What is Futoshiki?
Futoshiki is a number-placement logic puzzle played on a square grid. A 5x5 Futoshiki uses the numbers 1 to 5, a 6x6 puzzle uses 1 to 6, and so on.
The twist is the inequality signs between adjacent cells. If one cell points to another with a greater-than sign, the first value must be larger. These signs turn a simple Latin square into a sharper deduction puzzle.
- Each row contains every number from 1 to the grid size.
- Each column contains every number from 1 to the grid size.
- No number repeats in a row or column.
- Every greater-than and less-than sign must be true.
- Given numbers cannot be changed.
How to play Futoshiki
Start by scanning the signs. A cell that must be less than another cell cannot be the maximum number. A cell that must be greater than another cell cannot be the minimum number.
Then combine those limits with row and column rules. If a row already contains 1, 3 and 4 on a 4x4 grid, the last empty cell must be 2, provided the surrounding inequalities agree.
- Click or tap an empty cell.
- Use the number buttons or keyboard to enter a value.
- Use Check to highlight values that disagree with the solution.

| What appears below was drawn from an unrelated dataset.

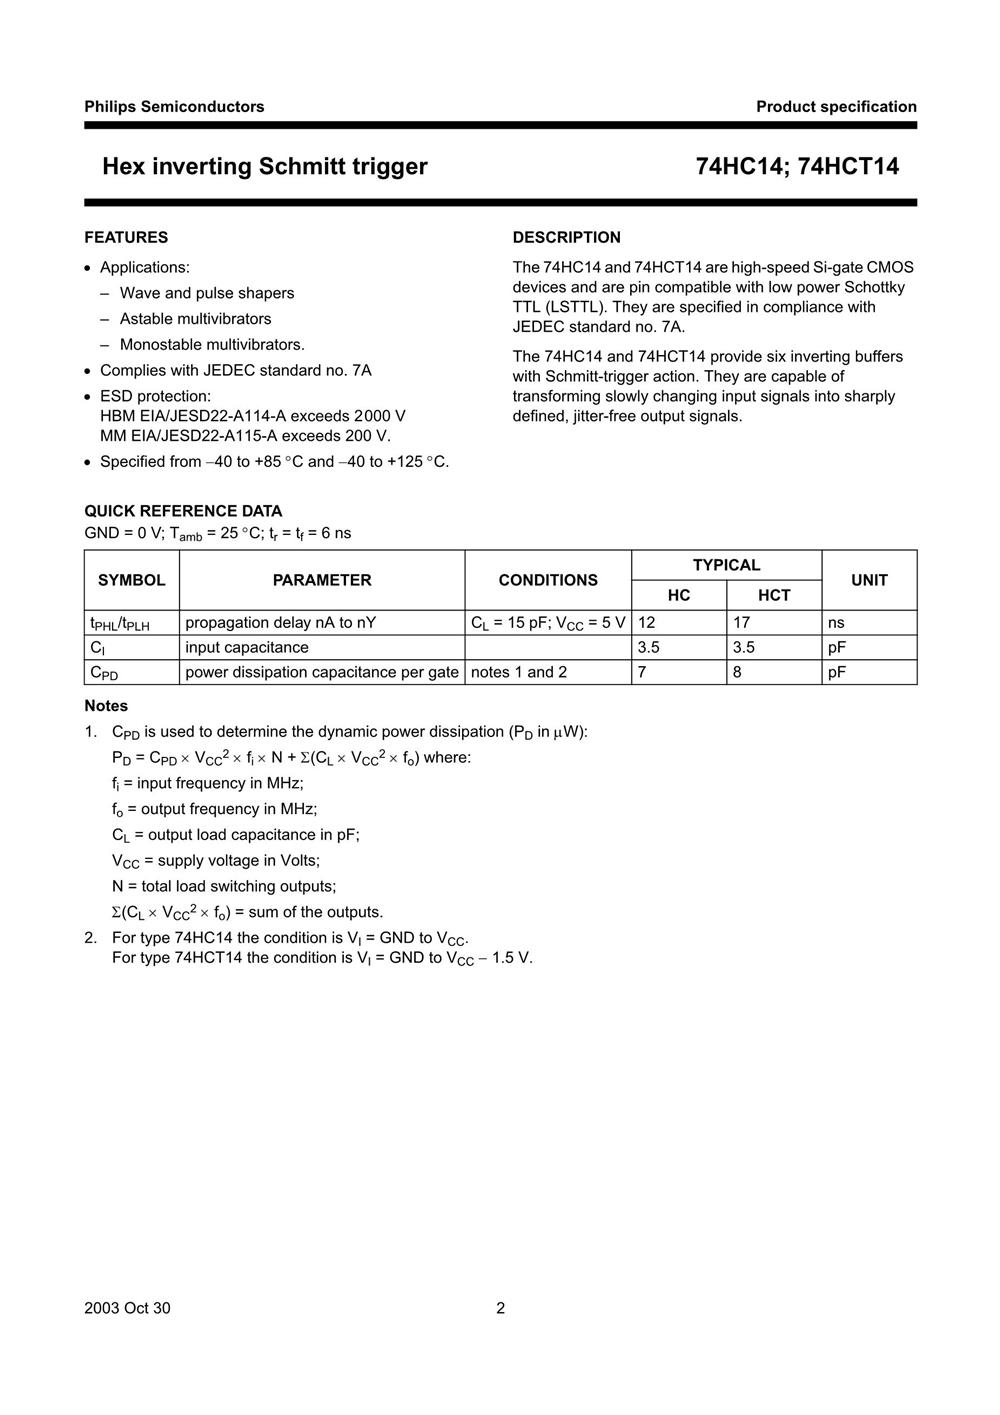 20pcs 74hc04 Hex Inverter CMOS HIGH SPEED SOIC 14

- Use Hint to reveal one correct cell.
- Use New puzzle to generate another board at the same settings.
Grid sizes and difficulty
The 4x4 Futoshiki is fast and friendly for learning the signs. The 5x5 grid is the classic middle ground, while 6x6 creates longer chains of row, column and inequality logic.
Difficulty changes how much structure is visible at the start. Easy puzzles include more givens and signs. Hard puzzles leave more cells open, so you need to combine several small constraints before a number becomes forced.

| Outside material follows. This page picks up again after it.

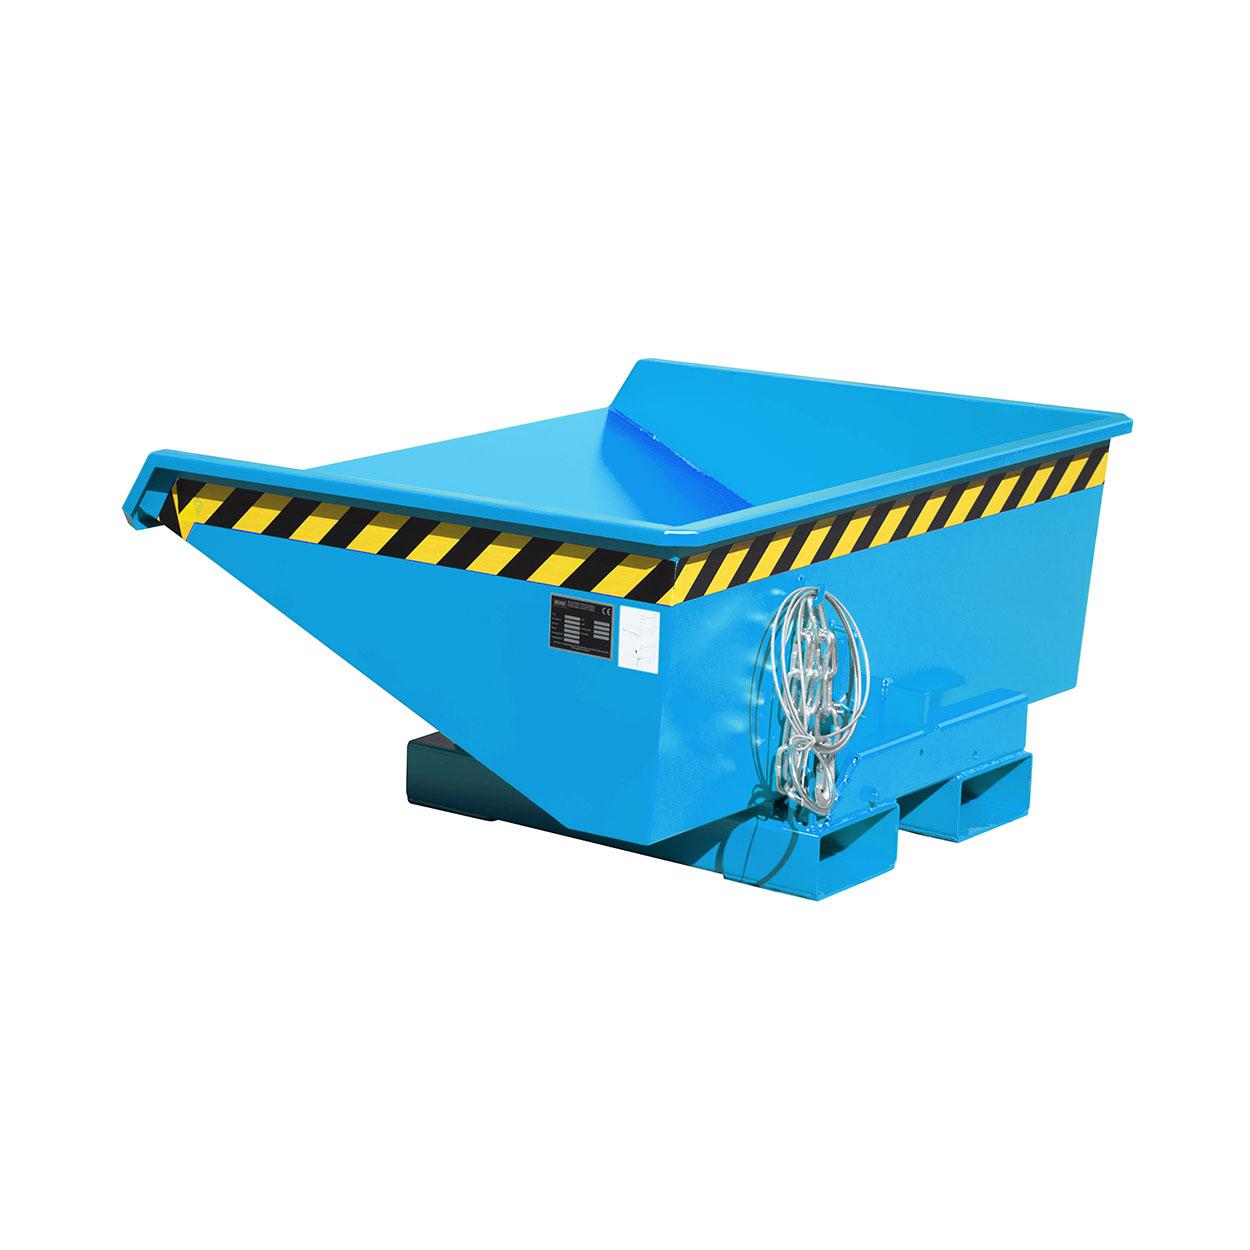 Výklopný kontejner ROLO MINI

- 4x4: quick beginner puzzles and short breaks.
- 5x5: balanced Futoshiki with enough room for chains.
- 6x6: larger grids with deeper elimination.

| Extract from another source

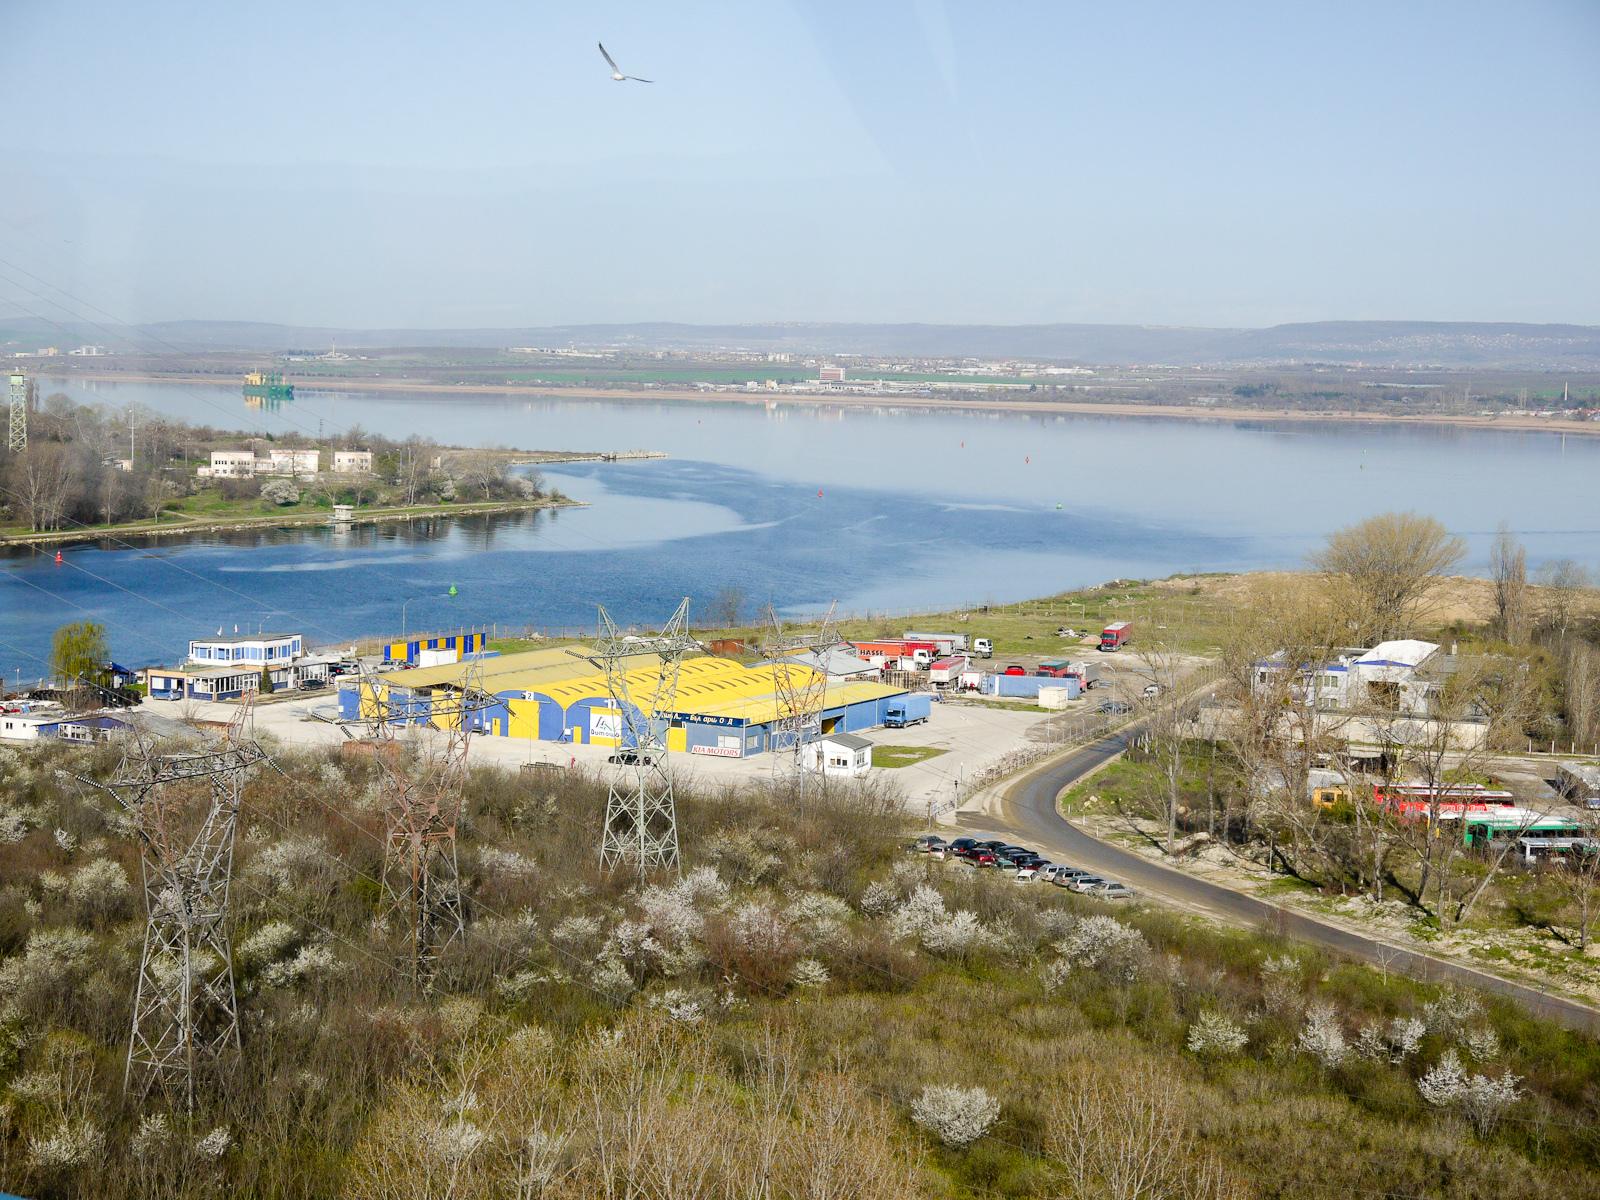 Варненское озеро, Болгария

- Easy: more direct placements.
- Hard: fewer obvious starts and more linked deductions.
Futoshiki strategy tips
Look for extremes first. A cell that is greater than two neighbours is unlikely to be 1, and a cell that is less than two neighbours is unlikely to be the highest number. These limits are often enough to remove candidates.
Chains are especially powerful. If A is less than B and B is less than C, then A cannot be one of the largest values and C cannot be one of the smallest values. Combine that with row and column exclusions to find forced cells.
- Mark cells that cannot be the minimum or maximum.
- Use rows and columns to remove repeated numbers.
- Follow chains of inequalities before guessing.
- Recheck every sign after placing a number.
- Treat a solved row or column as new information for crossing cells.
How this online Futoshiki generator works
This page creates a solved Latin-square grid, adds true inequality signs between neighbouring cells, and then removes visible clues while checking that the puzzle still has a single solution.
Each generated board stays on this main Futoshiki page, giving players a fresh puzzle while keeping the SEO focus on one evergreen guide to Futoshiki rules, strategy and online play.